プロジェクト2「我が国サブカルチャーの発信」

一昨年暮にロンドンで “Hokusai Exposed” と題する北斎の浮世絵とマッピング技術をミックスした展覧会を開催し、大英博物館の春画展とともに好評を得た。海外で浮世絵は日本を代表するアートとして広く受け入れられており、日本ではタブー視されている春画もまたユニークなジャパニーズアートの一部として認められている。

 

日本のサブカルチャーは英国・欧州で評価されている。たとえば縄という日本古来の文化から派生した所謂「緊縛」の世界もそのひとつ。日本の縛り師が渡欧して行う縄のショーが欧米のマニアたちの間で評判となっていることは、日本のメディアは伝えない。そして、もうひとつは刺青である。タトゥーはファッションの一部として、世界中で広く受け入れられているが、とくに繊細なデザインと墨の美しさが光る「和彫り」は愛好家にとって憧れであり、毎年、彫り師が施術のため渡欧すると予約が殺到するという事実。これも知られていない。日本では刺青はタブーとされるが、グローバルな潮流からみるとおかしなことである。
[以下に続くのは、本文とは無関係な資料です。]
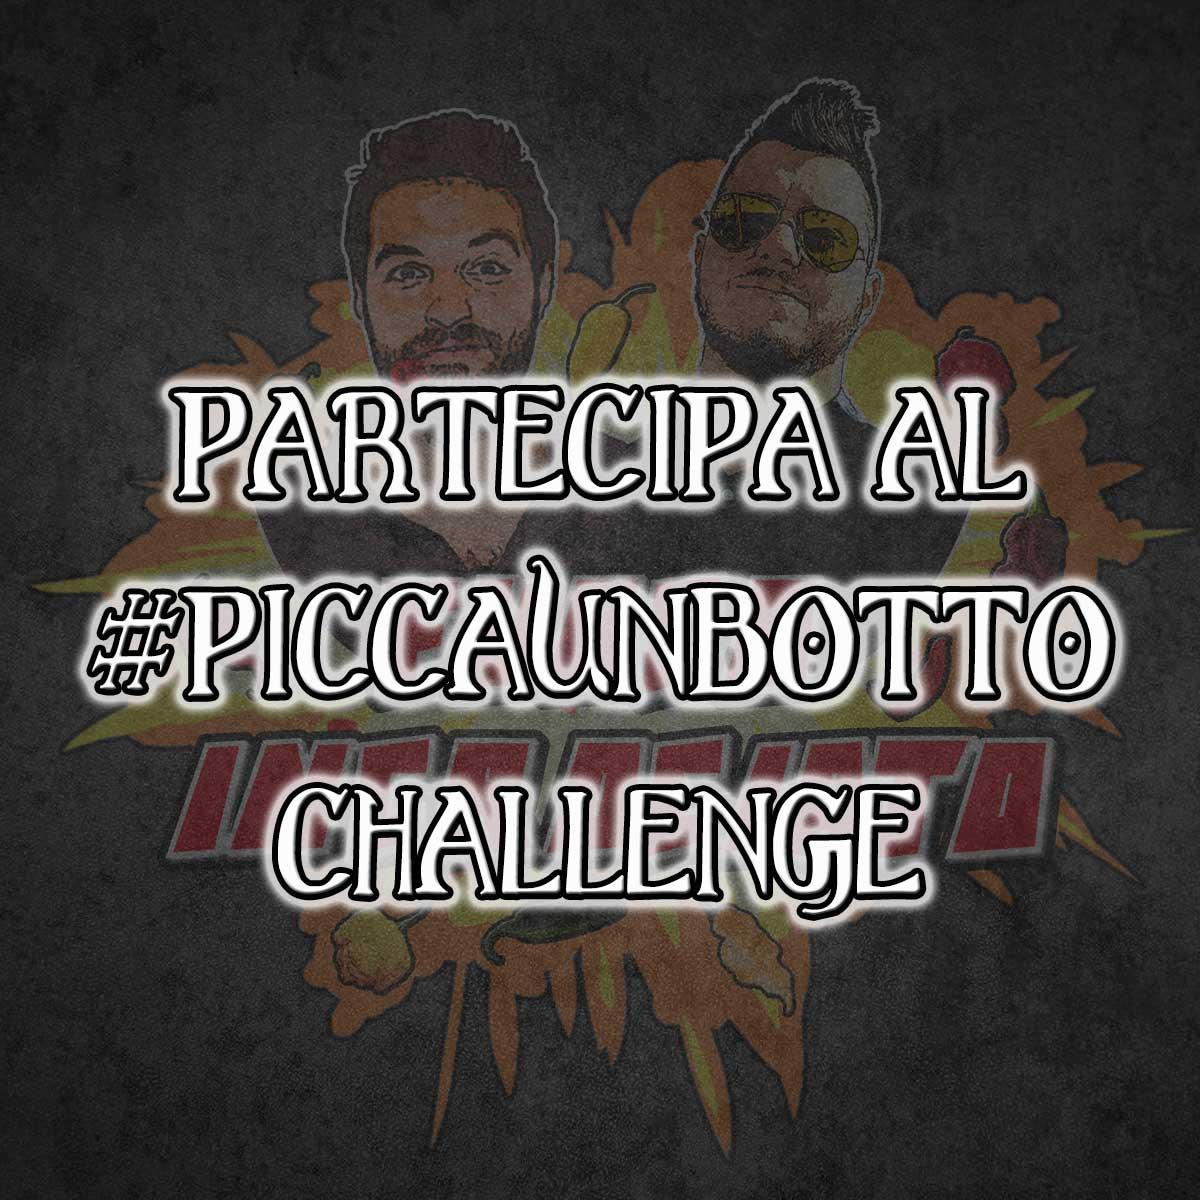 #piccaunbottochallenge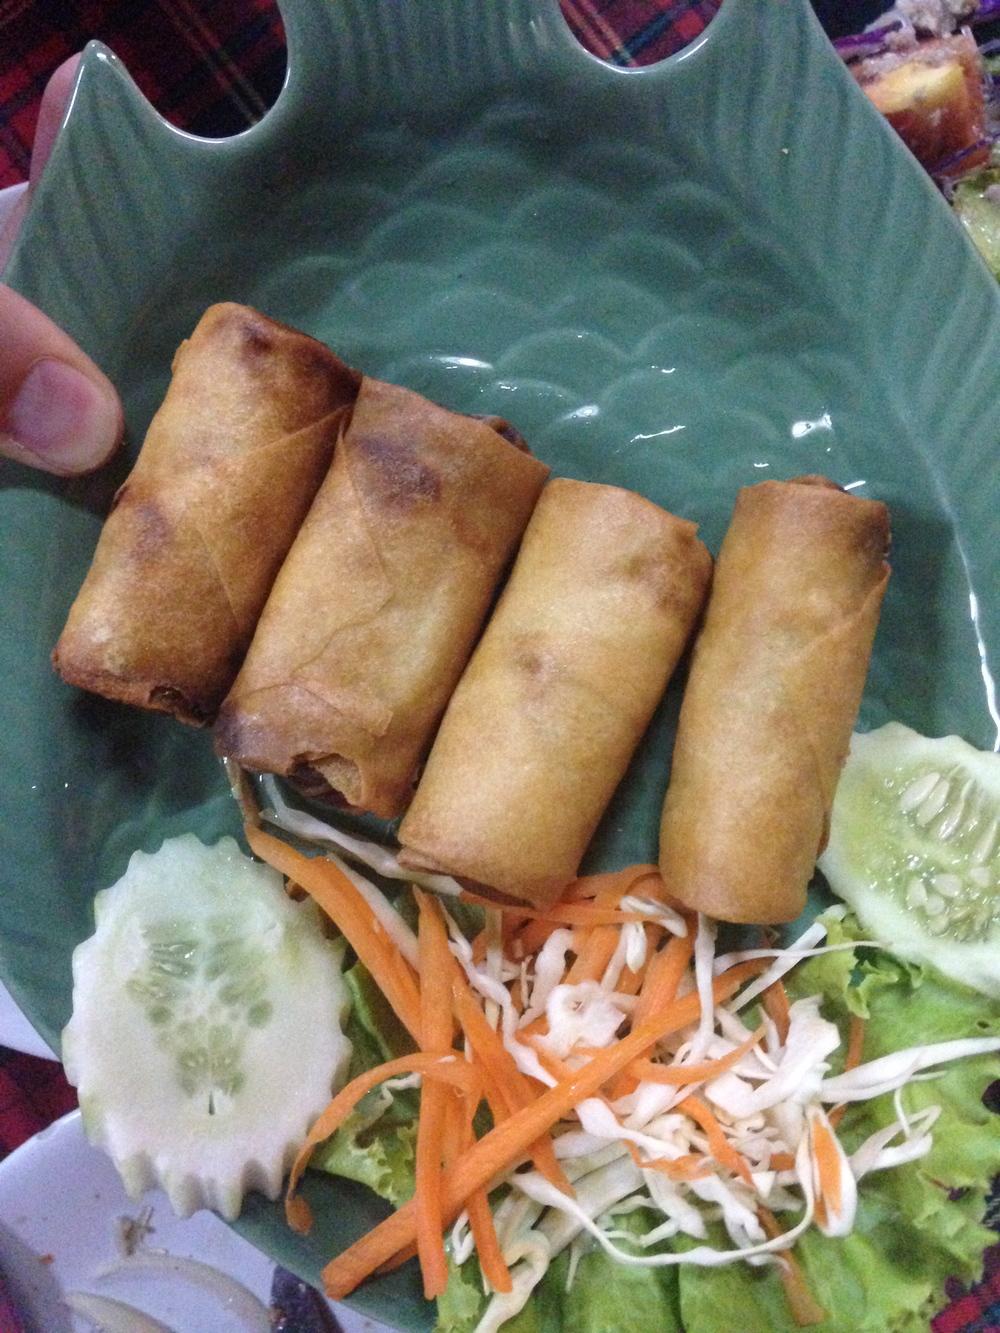 Thajské zeleninové jarní závitky. Mohou být plněné i kuřecím masem.

オリンピック開催に向けて刺青に対する意識を改めないと、諸外国から「日本は差別的な国」というレッテルを貼られてしまうことになる。

 

ロンドンで、今月24日より「倶利伽羅」と題するミュージカルを公演する。その上で春画展の次なるものとして、日本の和彫り刺青展の開催を企画中である。知的好奇心の高いロンドン知識層に我が国の芸術文化を紹介すると同時に、日本へのフィードバックを通じて、刺青文化の再認識を促すことを狙っている。

 

プロジェクト3「ぼくらのワールドカップ」

立命館大学経営学部の教室とロンドンの事務所をサテライトで結び、グローバルプロジェクトを企画プロデュースする授業を行った。ぼくらのワールドカップは、ある帰国子女の学生の問題意識をきっかけとして誕生したプロジェクトである。日本に住む200万人と言われる外国人。その子ども世代は、日本を良い国だと感じて生活しているのだろうか。サッカーと音楽の祭典「ぼくらのワールドカップ」を毎年開催することにより、地域の子どもたちとの交流を深めていくことを志向する。国籍の違う子ども達の共生社会を実現するには、言語を必要としないスポーツや音楽を通じて結ばれる。地元の企業や個人、サッカー関係者やミュージシャンたちの草の根のチャリティー精神が大前提となる。これまで滋賀県南草津市、草津市、群馬県太田市、栃木県足利市、宮城県多賀城市で開催され、来年で6年目を迎える。また、優勝チームが台湾に招待され、現地の子どもたちと親善試合を行う試みも来年で4年目となる。波及効果は大きくないが継続実施することでモメンタムを作っていきたい。

 

どれもよちよち歩きの段階だが、job satisfaction を求めて、あと20年は真剣勝負を続ける予定である。